The Community College of Rhode Island announced plans this week to open the state’s first-ever training program for workers seeking construction jobs in the offshore wind industry.

CCRI President Meghan Hughes said workers will do much of their coursework in the Lincoln campus’s athletic facility, using the pool to learn how to survive in icy offshore waters, and repelling down the building’s exterior to simulate scaling an offshore wind turbine.

“Simply put, it is our job to be the workforce training engine that powers the offshore wind industry,” Hughes said at a press conference announcing the new program on Wednesday.

CCRI administrators say the certification program is expected to take workers about 50 hours to complete. Workers graduating from the program would receive a safety certification aligned with standards set by the Global Wind Organization.

Currently only a handful of American colleges, including the nearby Massachusetts Maritime Academy, are authorized to provide a GWO certificate, which is expected to be a requirement for landing construction and maintenance jobs on many offshore wind job sites.

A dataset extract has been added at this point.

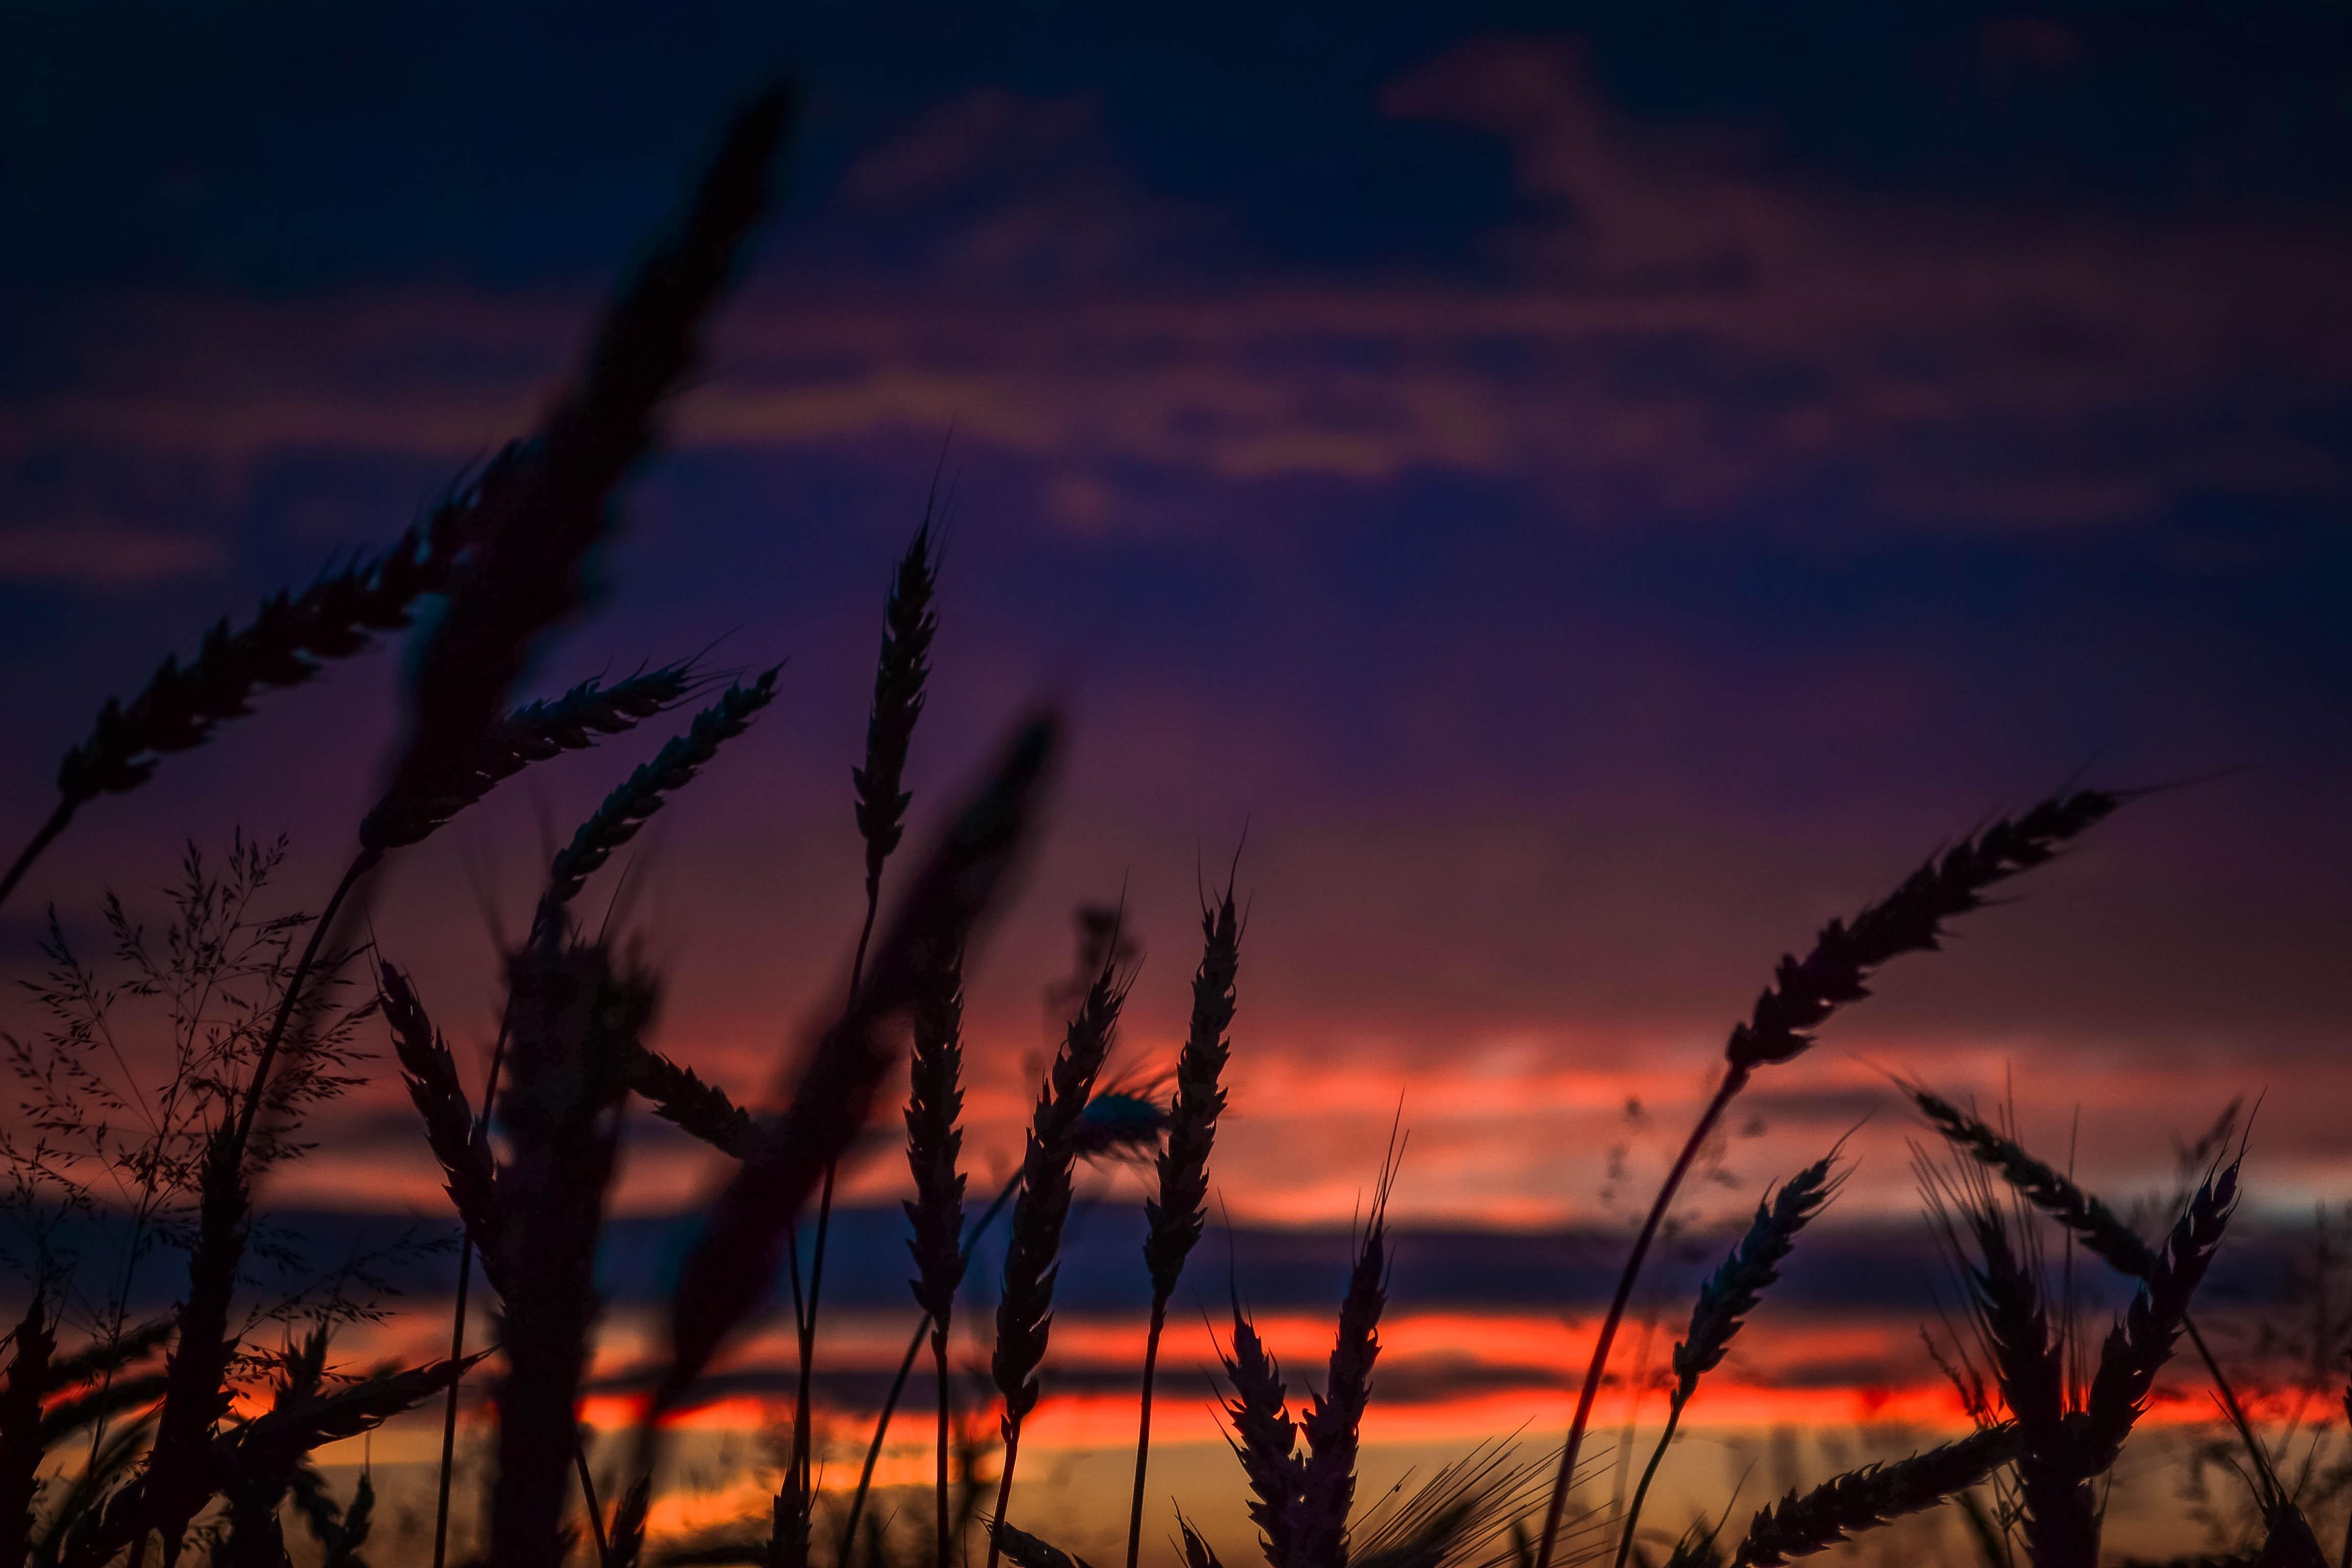 картинка рассвет и пшеница картинка словами, надписью

In past years, CCRI administrators said students in Rhode Island had traveled as far as England, where the offshore wind industry took hold decades earlier, to receive their GWO certificates.

“GWO training is not only important,” said R.I. Department of Labor & Training Director Matthew Weldon, it’s also a requirement to get hired.

“Until now, we didn’t have a presence in Rhode Island to offer that certification,” Weldon said at Wednesday’s press conference.

CCRI administrators said the college is aiming to make the program free for Rhode Islanders, with the help of a $1 million donation from Eversource and Ørsted, the companies developing Rhode Island’s first utility-scale offshore wind farm.

Their joint project, Revolution Wind, already has contracts with utility providers in Rhode Island and Connecticut to provide a total of 704 megawatts of electricity to the two states, enough to power about 350,000 homes.

Revolution Wind is one of numerous offshore wind farms awaiting federal construction permits in a stretch of ocean about a dozen miles south of Martha’s Vineyard. The wind farms are a cornerstone of Rhode Island’s strategy to achieve one of the U.S.’s most ambitious climate goals: completing a full transition to renewable energy sources before 2033.

The offshore wind industry has the potential to create thousands of high-paying construction jobs during that time.

Several government officials said on Wednesday that CCRI’s new certification program will make it easier for communities historically excluded from the building trades to gain a foothold in the nascent industry.

“Marginalized communities need intentional investment to get an opportunity to get these jobs,” Weldon said. “And that’s what this money is going to help us do.”

“This partnership with CCRI is going to ensure that every community in the state of Rhode Island has access to good paying jobs,” Lt. Gov. Sabina Matos said.

Applications to enter the certification program open this winter, and construction jobs may be available as soon as next year.

Hughes, the CCRI president, said she expects the program to train about 150 workers before next summer.